Data shown

^^^^^^^^^^^^^^^^

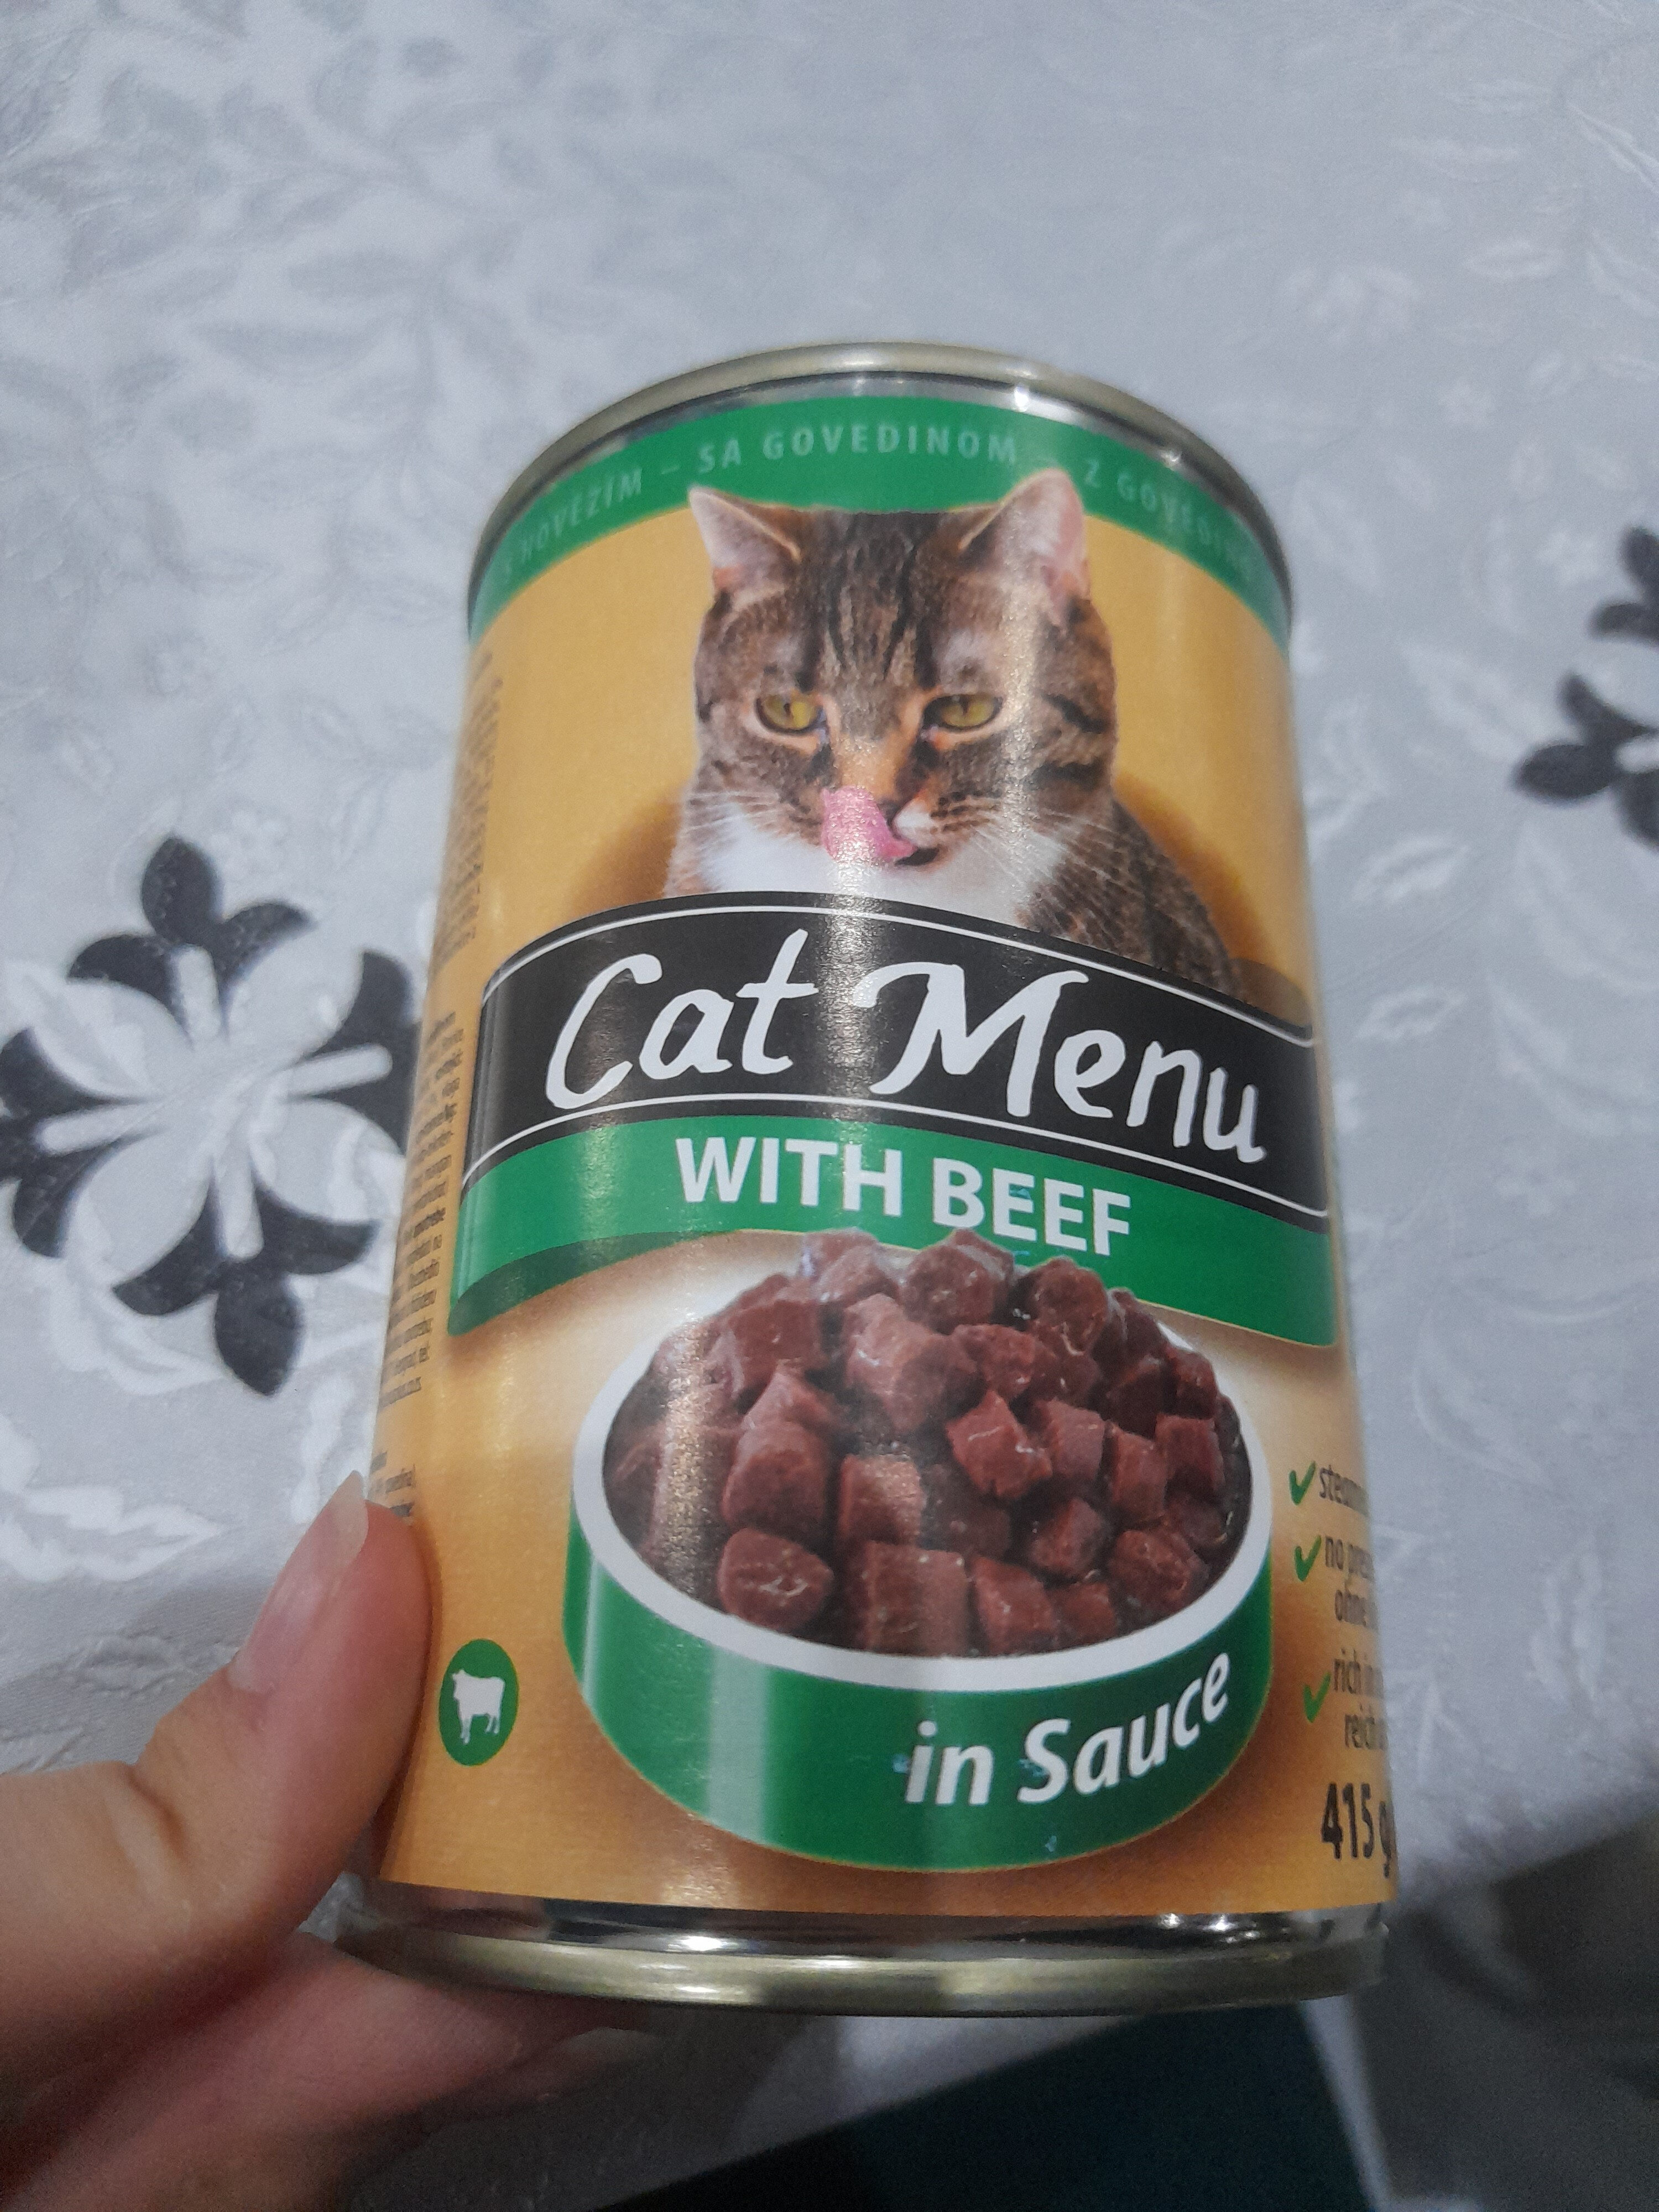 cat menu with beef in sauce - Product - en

^^^^^^^^^^^^^^^^

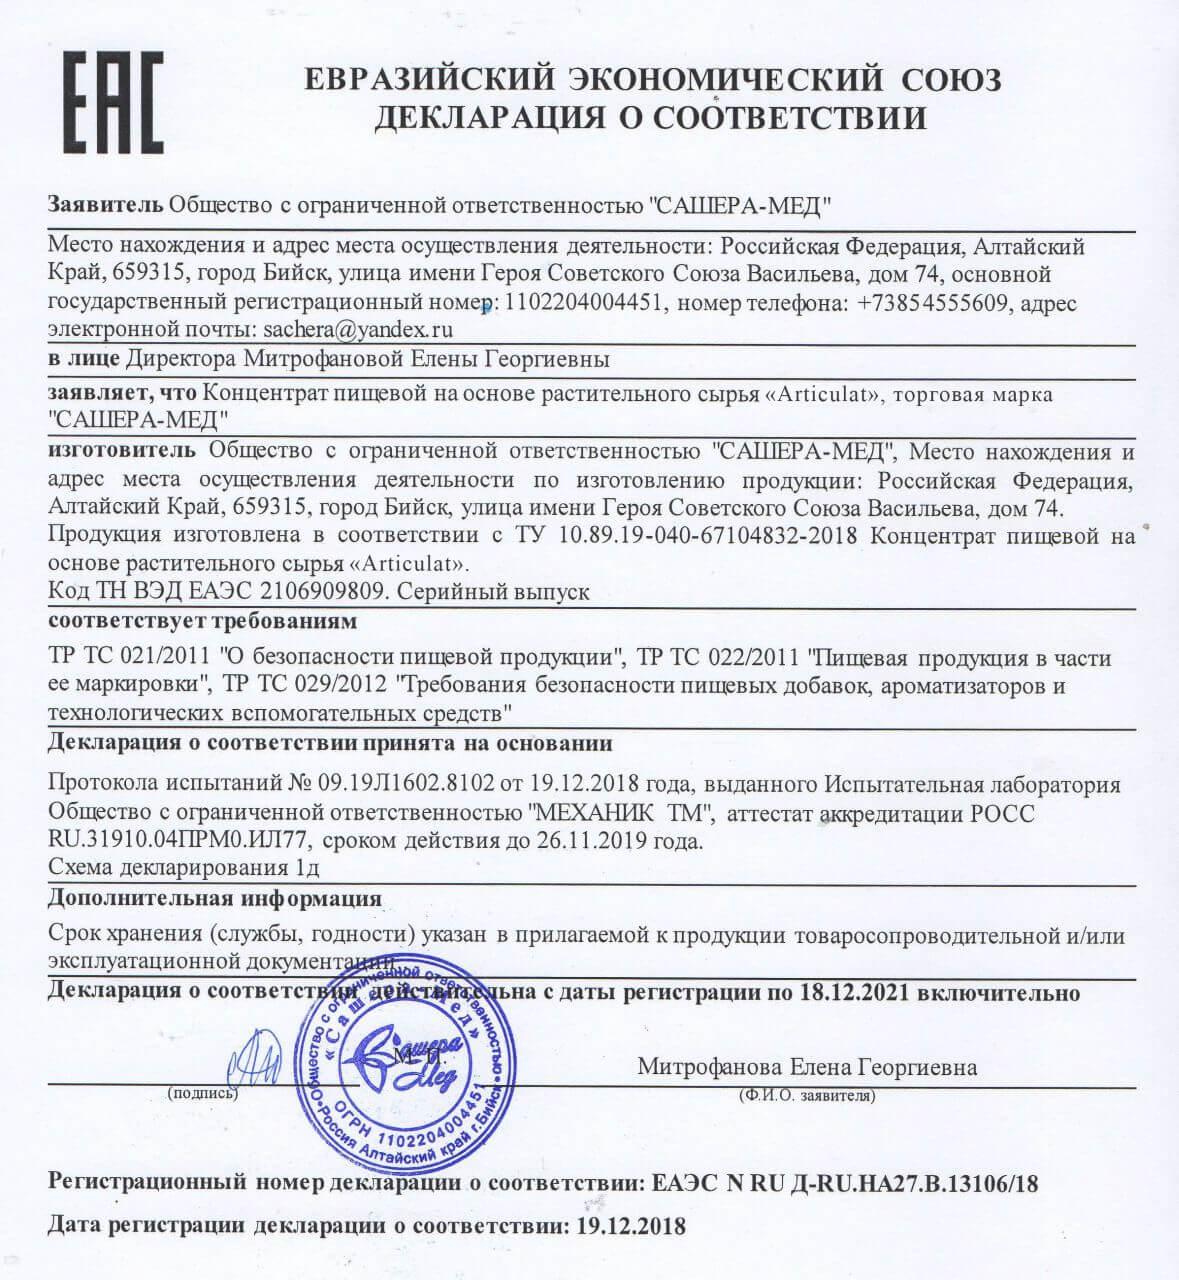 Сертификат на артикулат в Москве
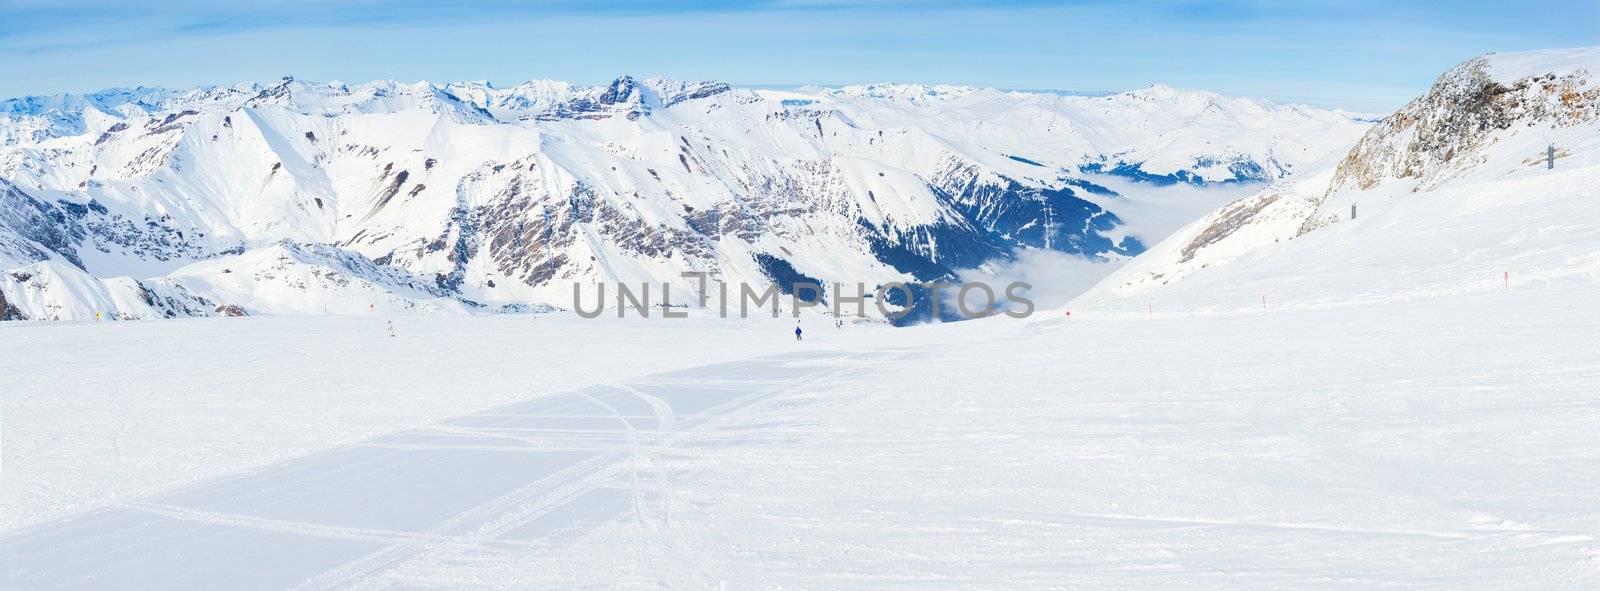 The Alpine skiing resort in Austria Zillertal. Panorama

^^^^^^^^^^^^^^^^

Start with the line above containing "Сертификат на артикулат в Москве" and end with the line containing "The Alpine skiing". Set down that stretch exactly, without any pictures.

Answer to the exercise
 Сертификат на артикулат в Москве
 The Alpine skiing resort in Austria Zillertal. Panorama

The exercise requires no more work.